Your goal
Will you write out the data exactly, excluding every picture?

Collected data
+===+

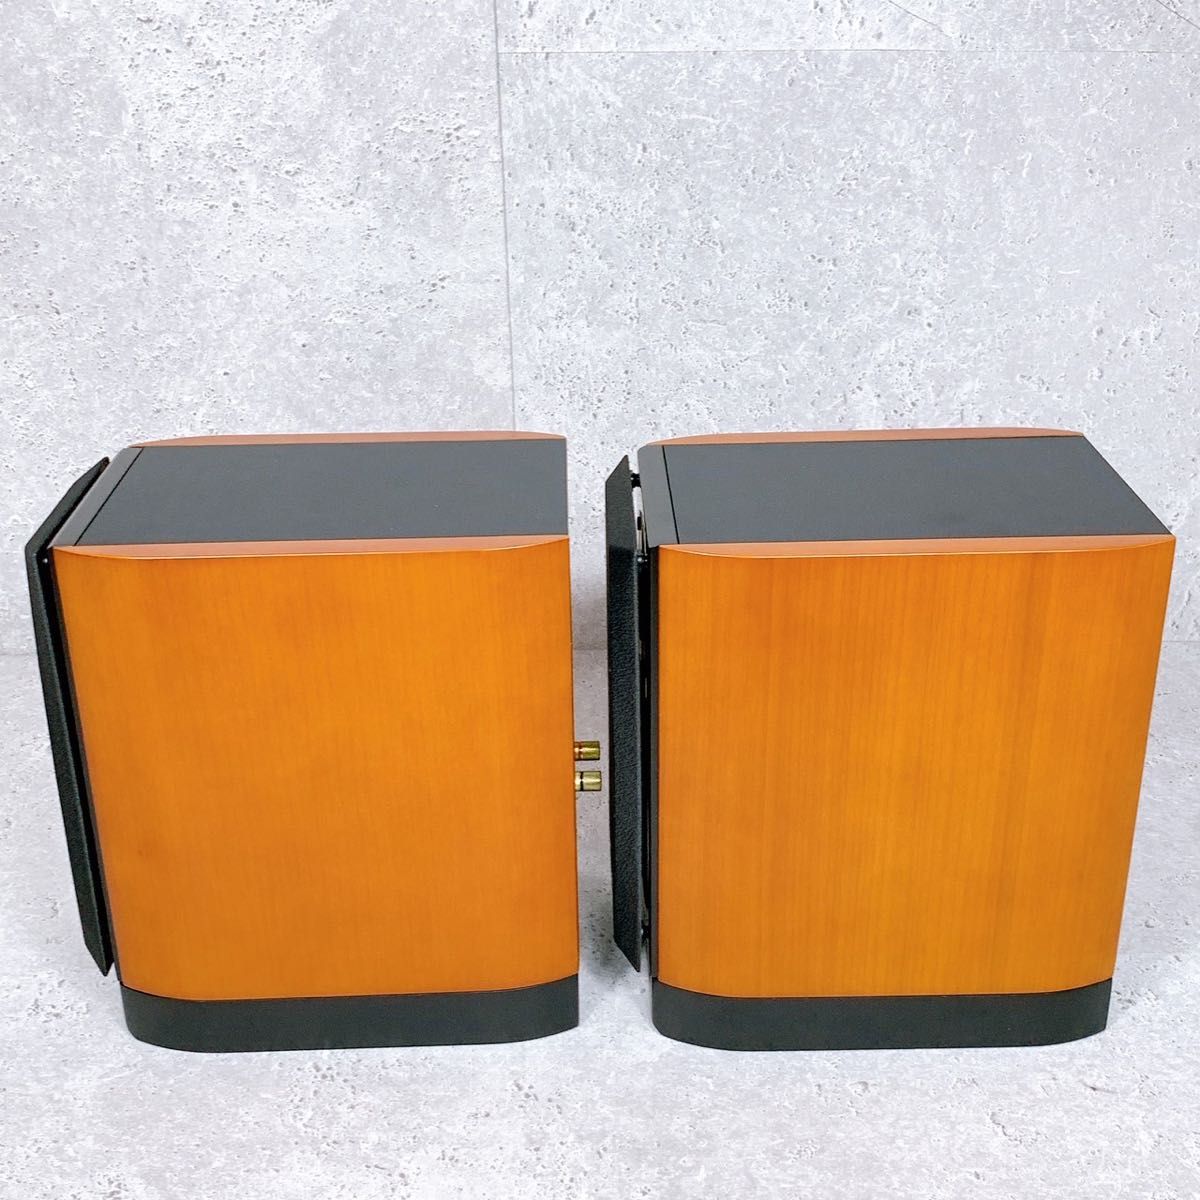 美品 ONKYO D-212EX スピーカーシステム ペア 2台 シリアル同番 オンキョー 高音質 ブックシェルフスピーカー 廃盤
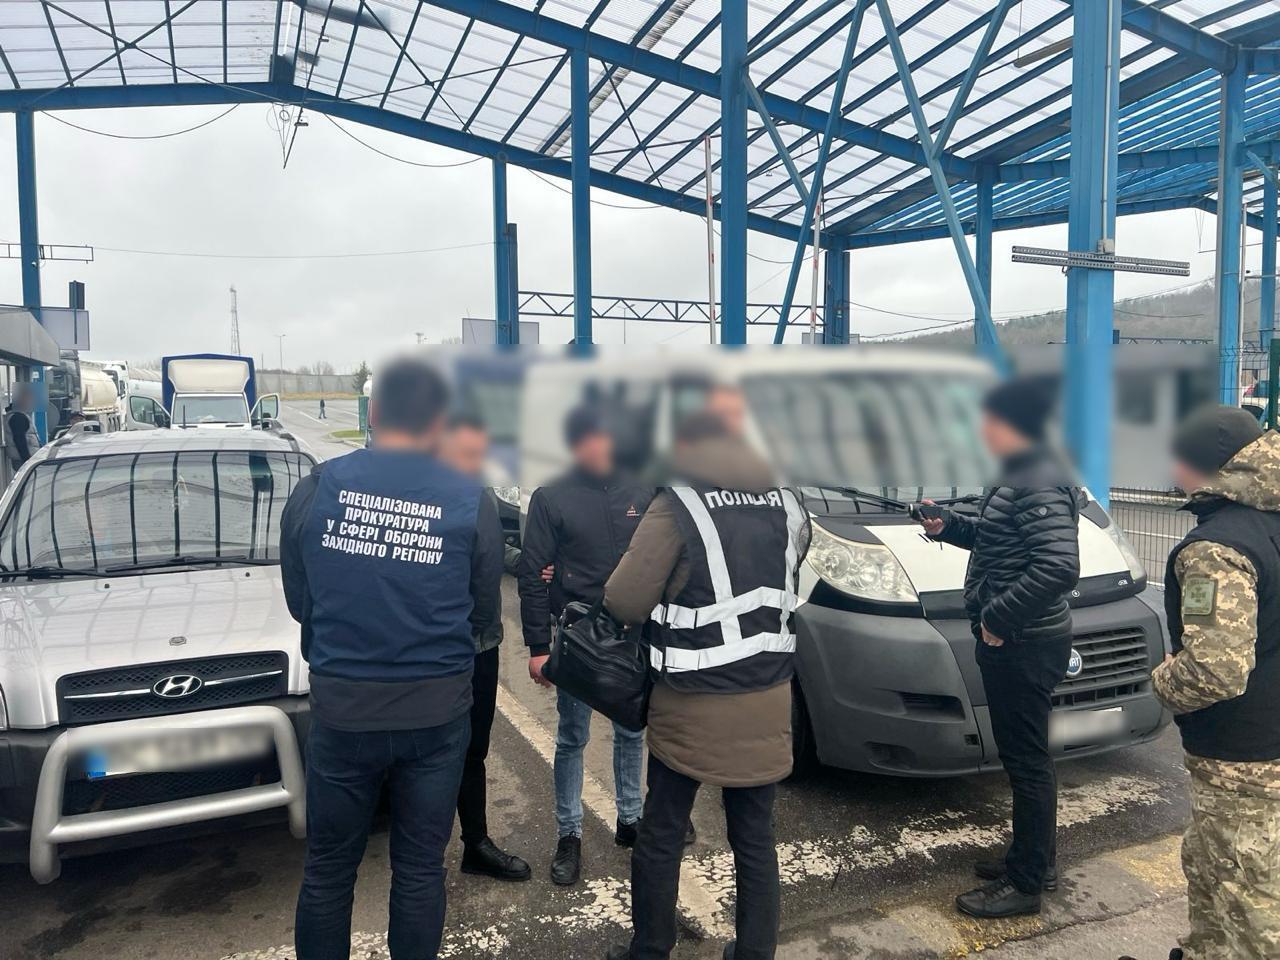 Сотрудники органов внутренней и внутренней безопасности и оперативно-розыскного подразделения Львовского пограничного отряда выявили украинца, который незаконно намеревался пересечь государственную границу.
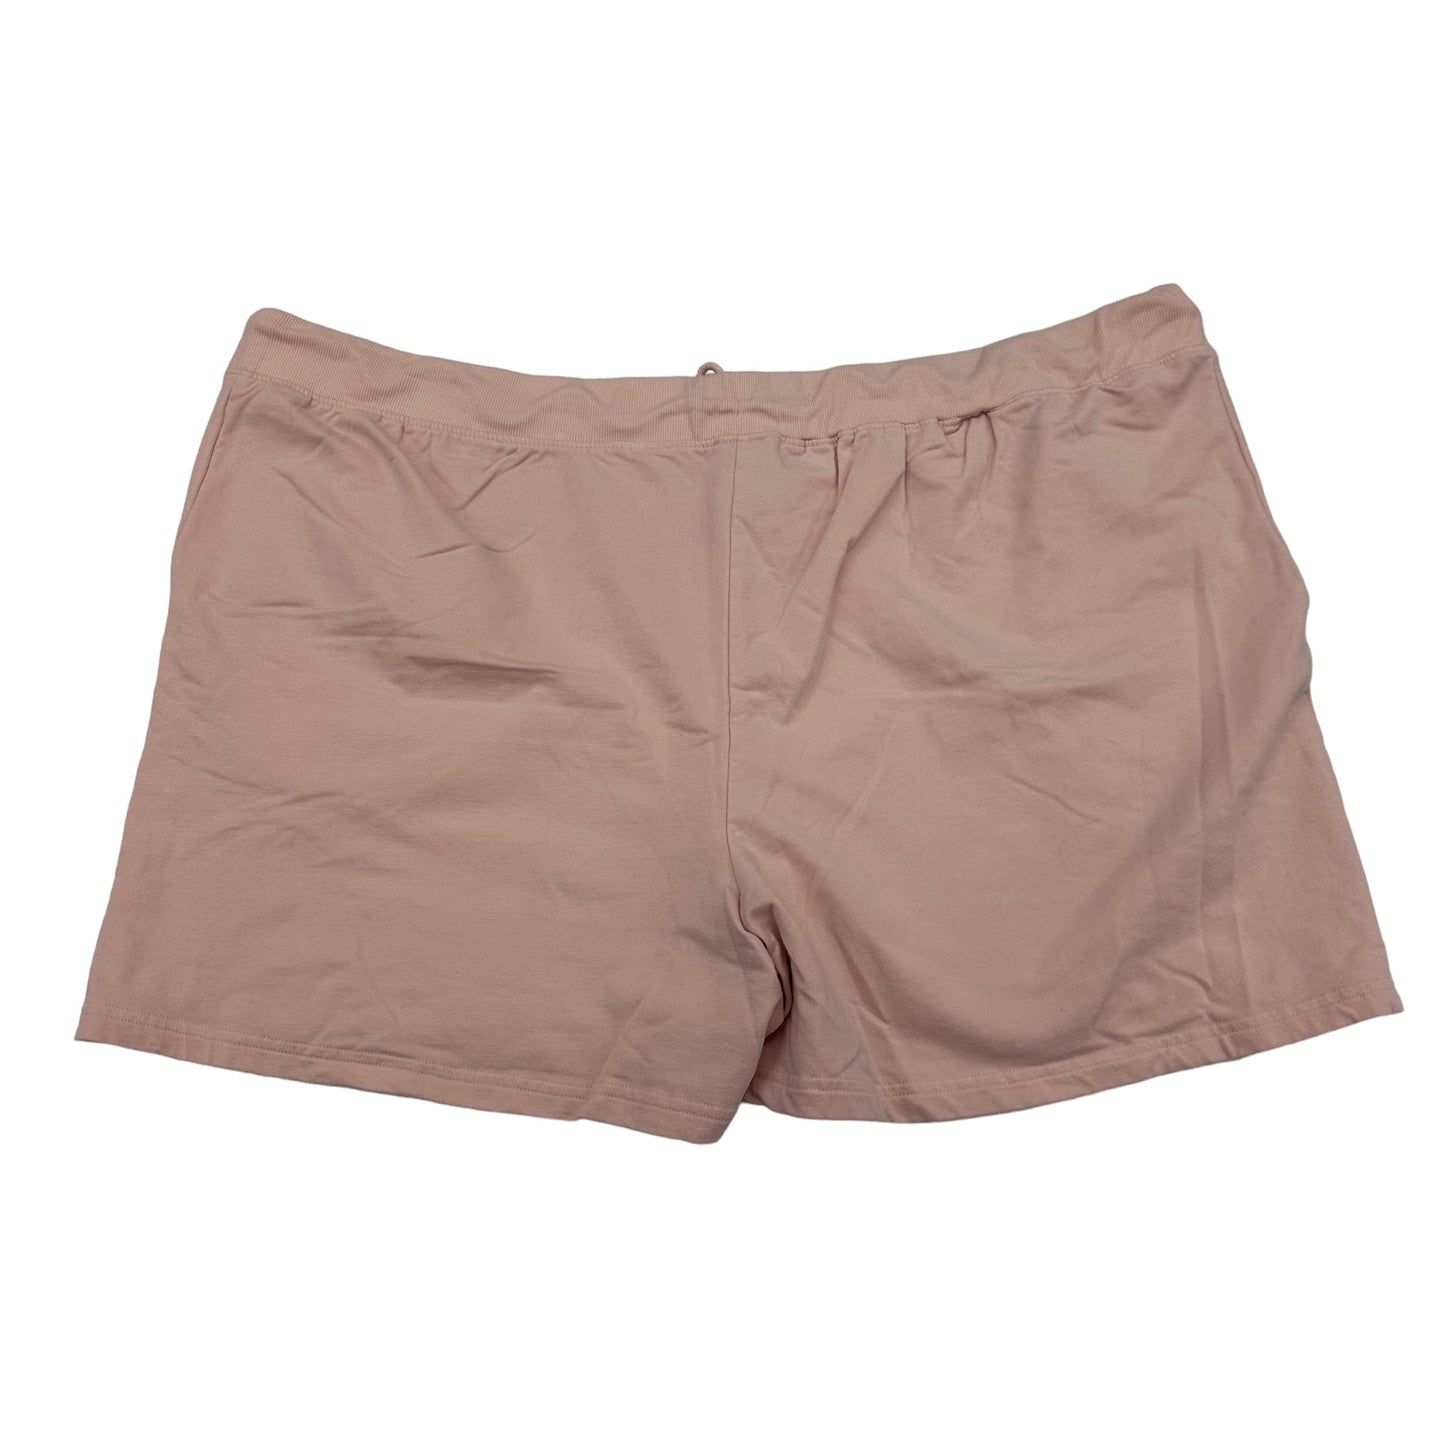 Shorts By Vera Bradley  Size: 3x
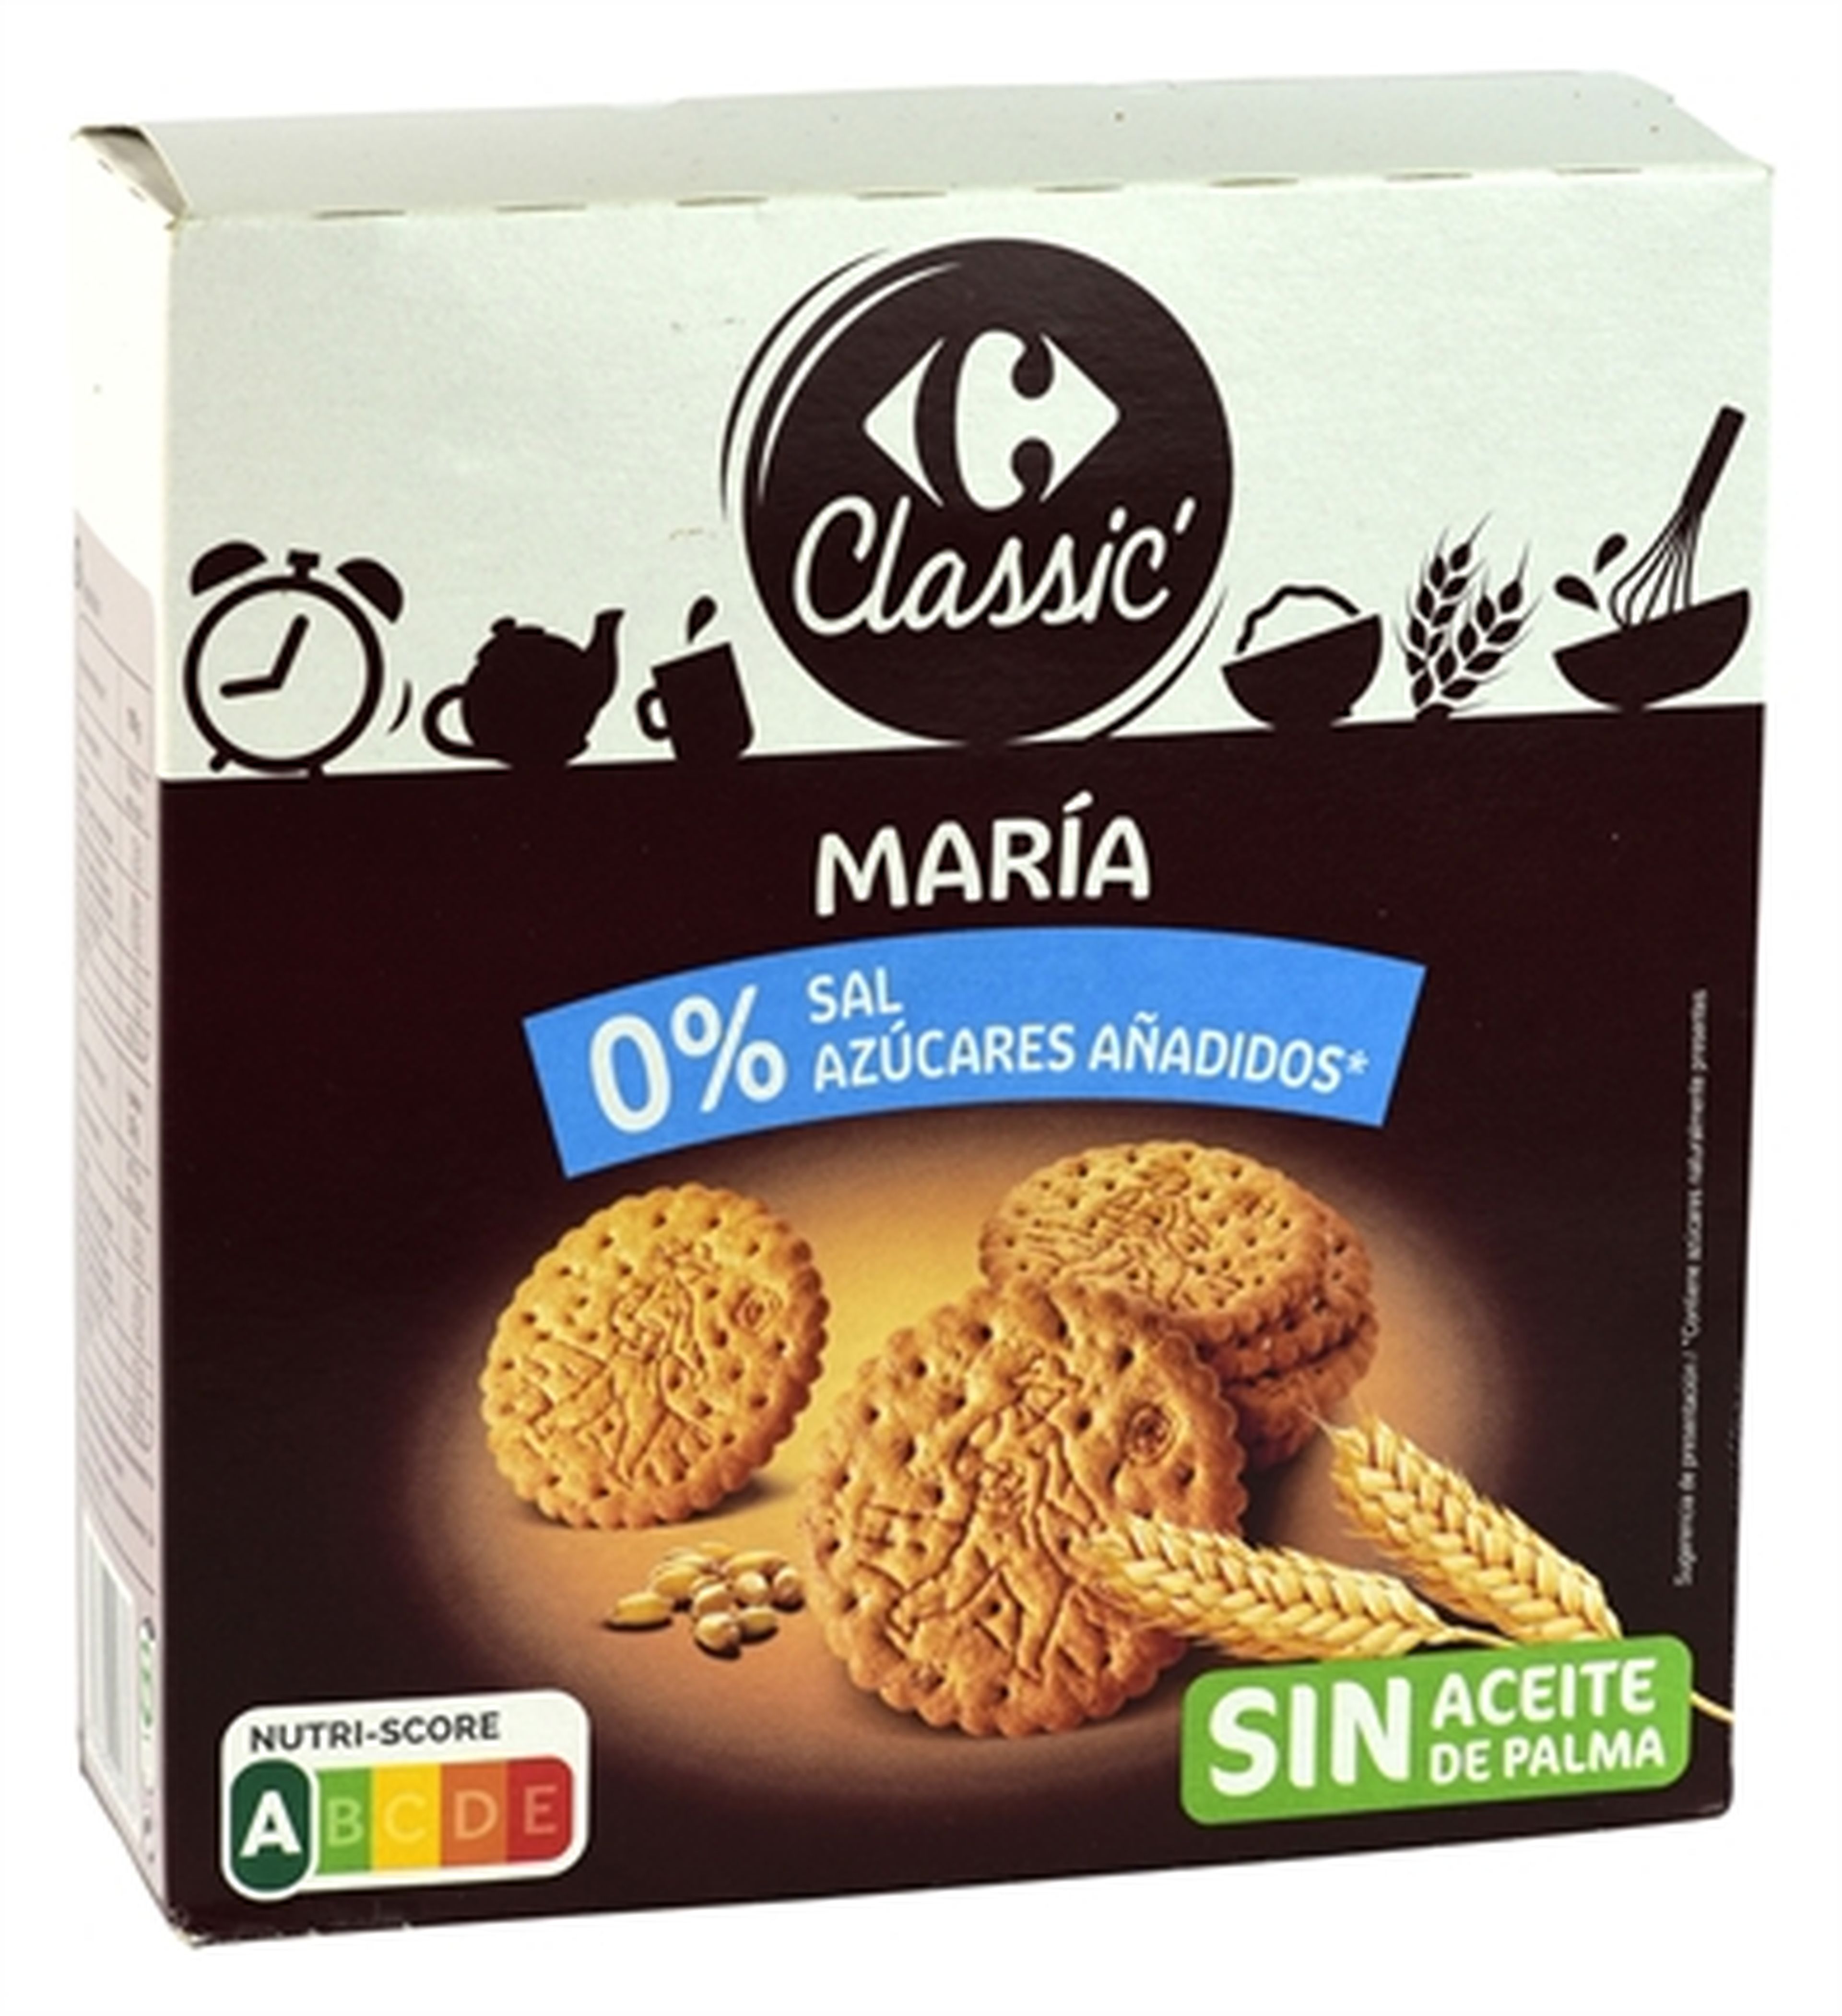 Peores (y mejores) galletas del supermercado en España, según la OCU

+===+

Written response
 美品 ONKYO D-212EX スピーカーシステム ペア 2台 シリアル同番 オンキョー 高音質 ブックシェルフスピーカー 廃盤
 Сотрудники органов внутренней и внутренней безопасности и оперативно-розыскного подразделения Львовского пограничного отряда выявили украинца, который незаконно намеревался пересечь государственную границу.
 Shorts By Vera Bradley  Size: 3x
 Peores (y mejores) galletas del supermercado en España, según la OCU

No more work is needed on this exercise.